Le jeune roi féodal, humanisé par le besoin d'argent, ne dédaigna pas de traiter avec les serfs et avec les juifs. La fameuse ordonnance de Louis le Hutin, pour l'affranchissement des serfs de ses domaines, est entièrement conforme à celle de Philippe le Bel pour le Valois, que nous avons citée. «Comme selon le droit de nature chacun doit naistre franc; et par aucuns usages et coustumes, qui de grant ancienneté ont esté entroduites et gardées jusques cy en nostre royaume, et par avanture, pour le meffet de leurs prédécesseurs, moult de personnes de nostre commun pueple, soient encheües en lien de servitudes et de diverses conditions, qui moult nous desplaît: Nous considérants que nostre royaume est dit, et nommé le royaume des Francs, et voullants que la chose en vérité soit accordant au nom, et que la condition des gents amende de nous et la venue de nostre nouvel gouvernement; par délibération de nostre grant conseil avons ordené et ordenons, que generaument, par tout nostre royaume, de tant comme il peut appartenir à nous et à nos successeurs, telles servitudes soient ramenées à franchises, et à tous ceus qui de origine, ou ancienneté, ou de nouvel par mariage, ou par residence de lieus de serve condition, sont encheües, ou pourroient eschoir ou lien de servitudes, franchise soit donnée à bonnes et convenables conditions[179].»

[Note 179: Ord., I, p. 583.]

Il est curieux de voir le fils de Philippe le Bel vanter aux serfs la liberté. Mais c'est peine perdue. Le marchand a beau enfler la voix et grossir le mérite de sa marchandise, les pauvres serfs n'en veulent pas. Ils étaient trop pauvres, trop humbles, trop courbés vers la terre. S'ils avaient enfoui dans cette terre quelque mauvaise pièce de monnaie, ils n'avaient garde de l'en tirer pour acheter un parchemin. En vain le roi se fâche de les voir méconnaître une telle grâce. Il finit par ordonner aux commissaires, chargés de l'affranchissement, d'estimer les biens des serfs qui aimeraient mieux «demeurer en la chetivité de servitude,» et les taxent «si suffisamment et si grandement, comme la condition et richesse des personnes pourront bonnement souffrir et la nécessité de notre guerre le requiert.»

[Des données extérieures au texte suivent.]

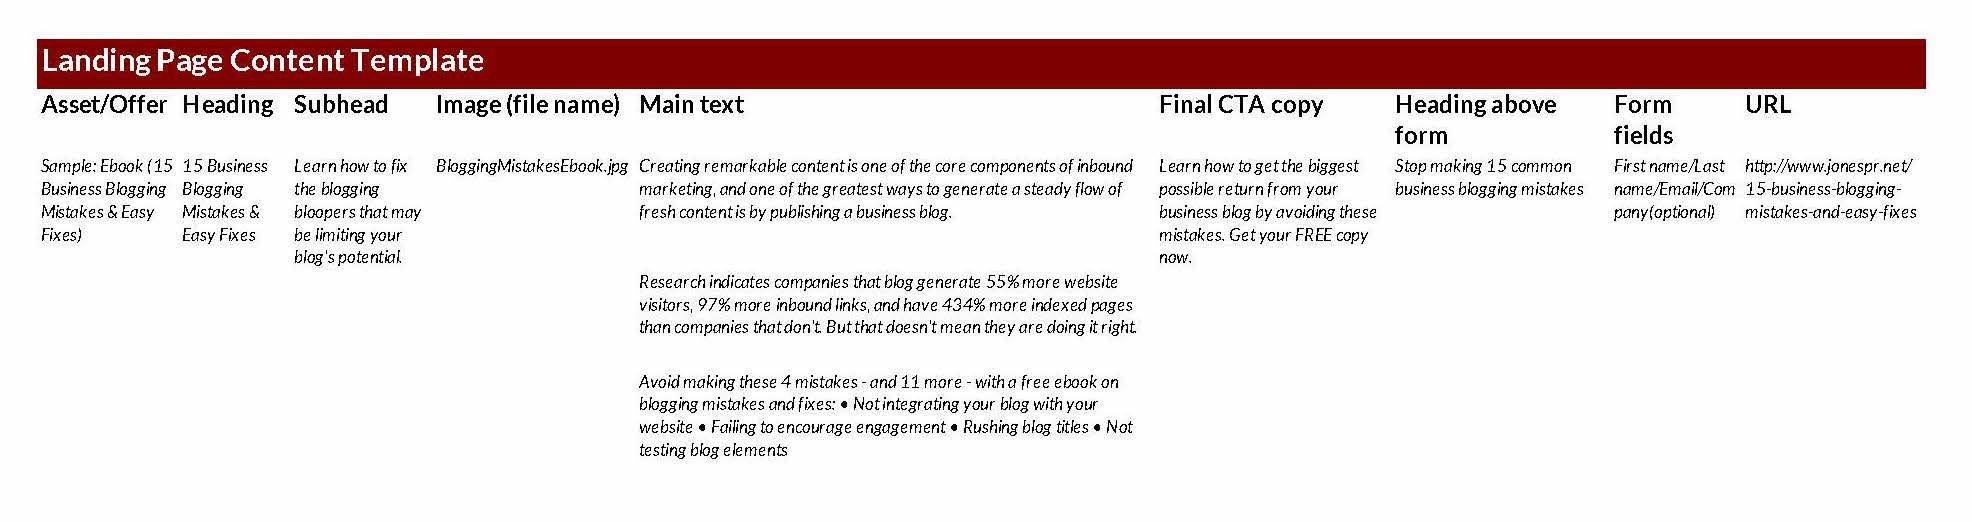 JONESBlog-Jan19-21-Landing Page Content template -JONES

C'est toutefois un grand spectacle de voir prononcer du haut du trône la proclamation du droit imprescriptible de tout homme à la liberté. Les serfs n'achètent pas, mais ils se souviendront et de cette leçon royale, et du dangereux appel qu'elle contient contre les seigneurs[180].

[Note 180: À la fin de son règne si court, Louis semble devenu l'ennemi des barons. Jamais Philippe le Bel ne leur fit réponse plus sèche et, ce semble, plus dérisoire que celle de son fils aux nobles de Champagne (1er décembre 1315). Ils demandaient qu'on leur expliquât ce mot vague de _Cas royaux_, au moyen duquel les juges du roi appelaient à eux toute affaire qu'ils voulaient. Le roi répond: «Nous les avons éclaircis en cette manière. C'est assavoir que la Royal Majesté est entendüe, ès cas qui de droit, ou de ancienne coutume, püent et doient appartenir à souverain Prince et à nul autre.» Ord., I, 606.]

* * * * *

Le règne court et obscur de Philippe le Long n'est guère moins important pour le droit public de la France que celui même de Philippe le Bel.

D'abord son avénement à la couronne tranche une grande question. Louis le Hutin laissant sa femme enceinte, son frère Philippe est régent et curateur au ventre. L'enfant meurt en naissant, Philippe se fait roi au préjudice d'une fille de son frère. La chose semblait d'autant plus surprenante que Philippe le Bel avait soutenu le droit des femmes dans les successions de Franche-Comté et d'Artois. Les barons auraient voulu que les filles fussent exclues des fiefs et qu'elles succédassent à la couronne de France; leur chef, Charles de Valois, favorisait sa petite-nièce contre Philippe son neveu[181].

[Note 181: «N'étant revenu à Paris qu'un mois après la mort de Louis X, il trouva son oncle, le comte de Valois, à la tête d'un parti prêt à lui disputer la régence. La bourgeoisie de Paris prit les armes sous la conduite de Gaucher de Châtillon, et chassa les soldats du comte de Valois, qui s'étaient déjà emparés du Louvre.» Félibien.]